The residents feel that passion.

“They’re figuratively embracing, like you feel their arms around everyone here,” said Tom Wickens. He and wife Anne, married for almost 62 years, have lived in an apartment at St. Augustine Home for five years.

“They always take time to visit with you,” Anne added. “It feels good to be recognized as a person and as a friend.”

And they keep the residents active, said Peyton.

“They have a lot of events they put on for us,” she said. “All the holidays, they seem to jump in and say, ‘This is for you!’ ”

She especially likes the monthly Bingo games sponsored by the guild.

“I go there, and I know all of them, and they know me—I’m kind of a serious Bingo player,” she said with a laugh.

Tom appreciates how the guild members make the residents feel valued.

“In conversation with one a while ago, I mentioned that I really like to drive,” he recalled. “She said, ‘Would you like to be a volunteer driver?’ So now I’m a volunteer driver! I drive the sisters and take people to appointments.”

Peyton, too, has been recruited by the guild members to help. Spoiler alert: the following paragraph reveals her secret identity!

“Every year at Christmastime, the guild buys little presents for all the residents, like Kleenex, candy, pens and little pads of paper, things like that,” she said.

“Then they give them to me and at night, when everyone is sleeping, I go around and hang the gift bags on everyone’s doors. I feel just like Santa Claus!”

On a more serious note, Peyton voiced her gratitude for the guild.

“I appreciate everything they do,” she said. “They think about us, and they’re here for us if we need them. They’re just great to have around.”

Anne agreed.

“You can see God in their attitude toward all of us, in their service,” she said. “They’re like the sisters: gracious, joyful, kind, compassionate.”

‘When you lift hearts, your heart is lifted’

There is one person behind everything the guild members do for the residents and the Little Sisters, said Bear. That person is Christ.
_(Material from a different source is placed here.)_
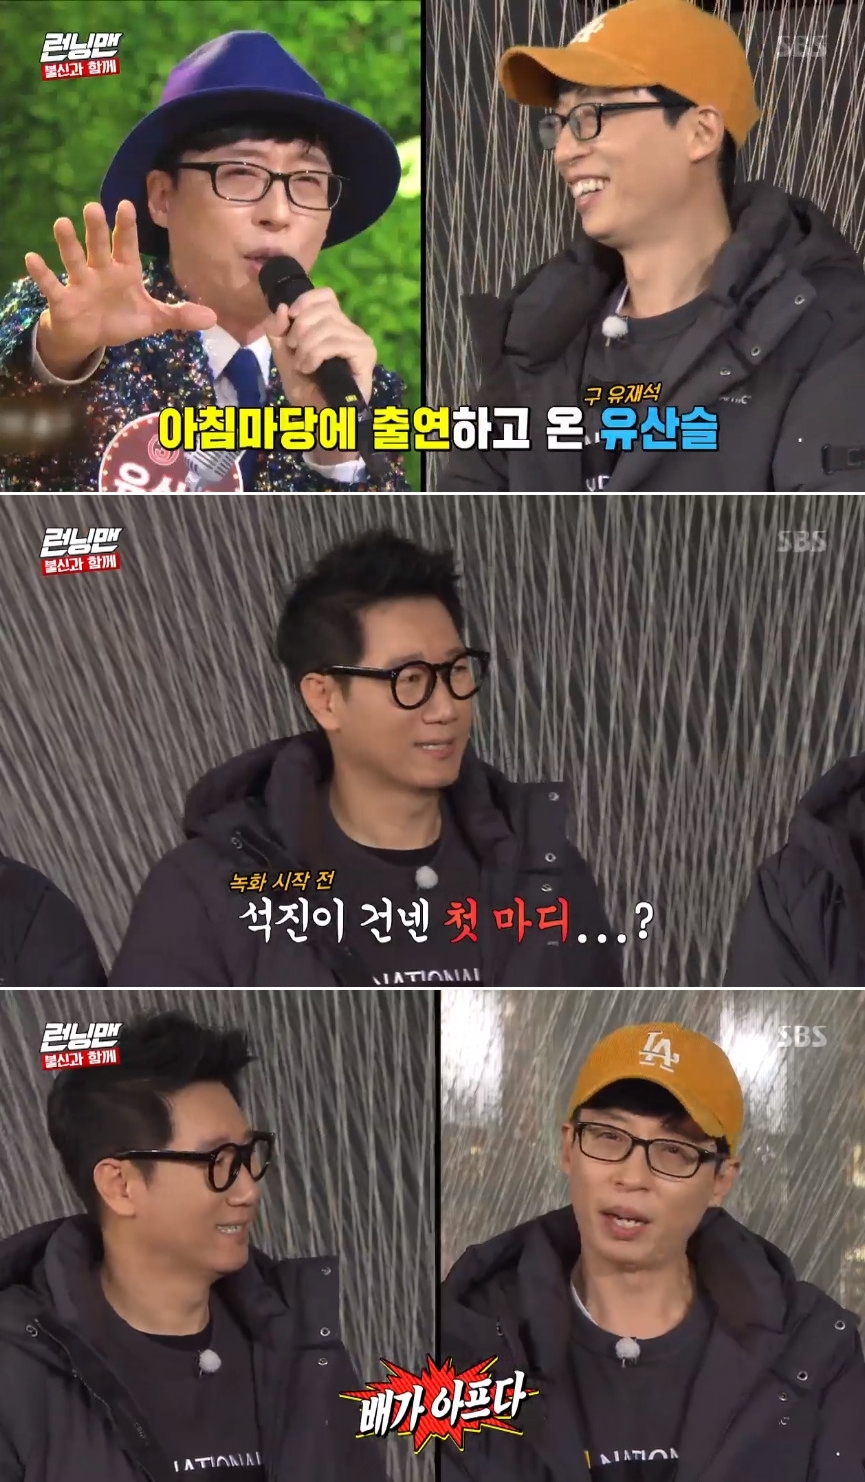 Seoul = = Ji Suk-jin reveals Jealousy about Yoo Jae-SukIn the SBS entertainment program Running Man broadcasted on the afternoon of the afternoon, Ji Suk-jin envied Yoo Jae-Suk, who turned into a trot singer,At the opening of the day, Ji Suk-jin asked the members, Have you seen AM Plaza today?Yoo Jae-Suk has appeared on KBS AM Plaza as a trot singer Heritage castle.You Yoo Jae-Suk and Heritage Castle are in the search terms together, and Heritage Castle won, Ji Suk-jin said.Yoo Jae-Suk said, As soon as I saw me today, I can not forget what my brother said. My stomach hurts.Nowadays, Seokjin is Jealous to me and Somin, the members asked, Why is Somin envious?Yoo Jae-Suk said, Somin is Jealous because of Somin, making the scene into a laughing sea.Kim Jong-guk, who was next to him, said, Many people envy Seok-jin Lee. I envy him for living like a bachelor.Yoo Jae-Suk said, But my sister-in-law lives like that. She sang Jennys Solo song and laughed.Ji Suk-jin said, I really envy Heritage castle while the members are playing the full-scale mission game Quiz King Shooter.I have to do it with boredom. Yoo Jae-Suk laughed at the Im bored, how boring.

“We talk about being Christ and seeing the face of Christ in the residents,” she said. “When they take your hand and ask for help, you’re helping Christ. Christ becomes visible when we give, and it comes back to us in their gratitude and happiness.

“It’s in giving that we receive, and in loving that we’re loved. That’s why we have the guild.

“When you lift hearts, your heart is lifted, and I’m just happy to be part of this family.”